The license is MIT — more permissive than Meta’s Llama or Mistral’s Apache 2.0¹. Developers can download the weights, fine-tune on proprietary data, and deploy commercially without notifying DeepSeek. No usage restrictions, no royalty obligations.

The download sizes tell you what deployment looks like: Flash at 160GB can run on a 128GB Mac Studio with quantization; Pro at 865GB requires a GPU cluster but is available through the API⁴.

Pricing vs. competing frontier models³⁵:

Model	Input ($/M tokens)	Output ($/M tokens)
DeepSeek V4-Flash	$0.14	$0.28
DeepSeek V4-Pro	$1.74	$3.48
GPT-5.5 Pro	$15.00	$30.00
Claude Opus 4.7	$15.00	$75.00

V4-Pro output is ~8.6× cheaper than GPT-5.5 Pro; V4-Flash is ~107× cheaper³. DeepSeek launched V4-Pro with a 75% first-week discount ($0.44 input / $0.87 output until May 5), while cutting cache-hit prices across the entire API to 1/10th of original levels⁶.

The intent is transparent: anchor usage habits with an irrefusable price during the developer evaluation window. Once workflows are built and integration costs sunk, the motivation to migrate back to premium APIs collapses even after the discount ends. This isn’t selling models — it’s buying ecosystem share.

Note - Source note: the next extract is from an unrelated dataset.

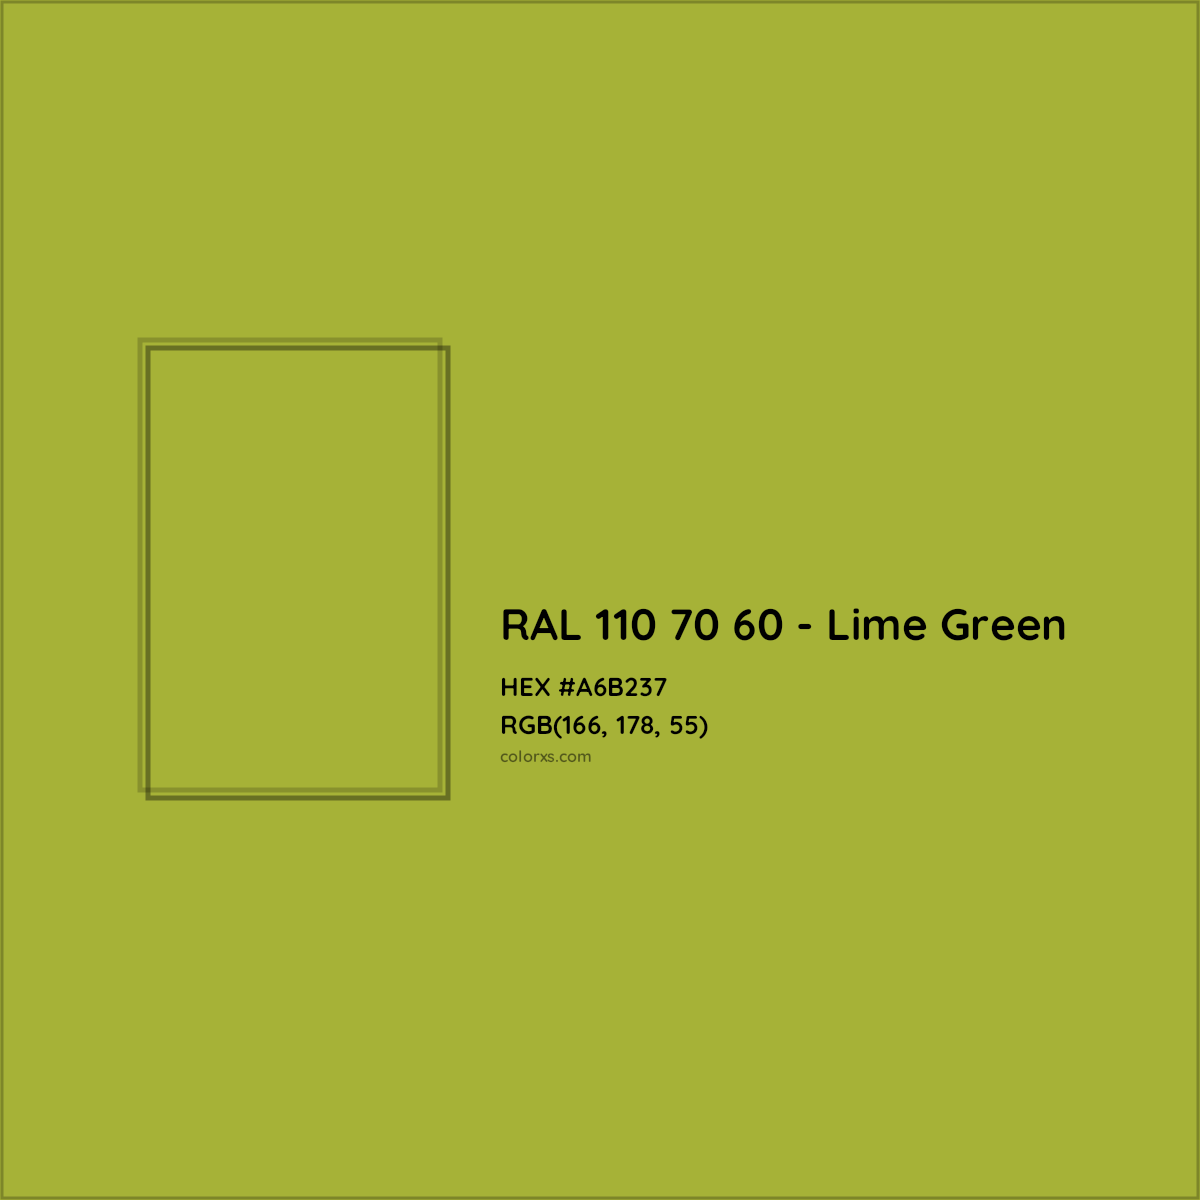 HEX #A6B237 RAL 110 70 60 - Lime Green CMS RAL Design - Color Code

How the License Compares to Other Chinese Labs

DeepSeek’s day-one MIT release stands out against recent Chinese model launches:

MiniMax M2.7 launched its API on March 18, 2026, but didn’t release weights until April 12 — 25 days later⁷. Worse, the license is explicitly non-commercial: MIT-style terms for non-commercial use, but commercial deployment requires written authorization from MiniMax⁷. MiniMax’s earlier models (M2, M2.5) shipped under MIT or Modified-MIT, making M2.7 a clear regression. The HuggingFace community thread hit hundreds of critical comments within days⁷.

GLM-5.1 from Z.ai (Zhipu) launched its API on March 27 and released weights on April 7 — about 11 days later⁸. The license is MIT, which is good. But the delay matters: in those 11 days, developers evaluating the model had to use the API without the option to self-host. GLM-5 had a similar pattern — API on February 11, weights about two weeks later⁸.

Table: Open-Weight Release Comparison

Model	API Launch	Weights Released	Delay	License
DeepSeek V4	Apr 24, 2026	Apr 24, 2026	0 days	MIT
GLM-5.1	Mar 27, 2026	Apr 7, 2026	11 days	MIT
MiniMax M2.7	Mar 18, 2026	Apr 12, 2026	25 days	Non-commercial

Day-one open source isn’t a gesture — it’s a strategy. In an AI infrastructure race where switching costs compound with every API call, the window between “API is available” and “weights are downloadable” is the platform lock-in window. DeepSeek compressed that window to zero — no hesitation period, no lock-in opportunity.

The cost of delay is real: GLM-5.1’s 11-day gap forced evaluators to test via API only. MiniMax M2.7’s 25-day delay combined with a non-commercial license triggered hundreds of critical comments on HuggingFace⁷. DeepSeek chose a more aggressive path: trade licensing permissiveness for ecosystem adoption speed. This isn’t altruism — it’s the most efficient way to compete for developer attention and deployment habits in an oversupplied open-source model market.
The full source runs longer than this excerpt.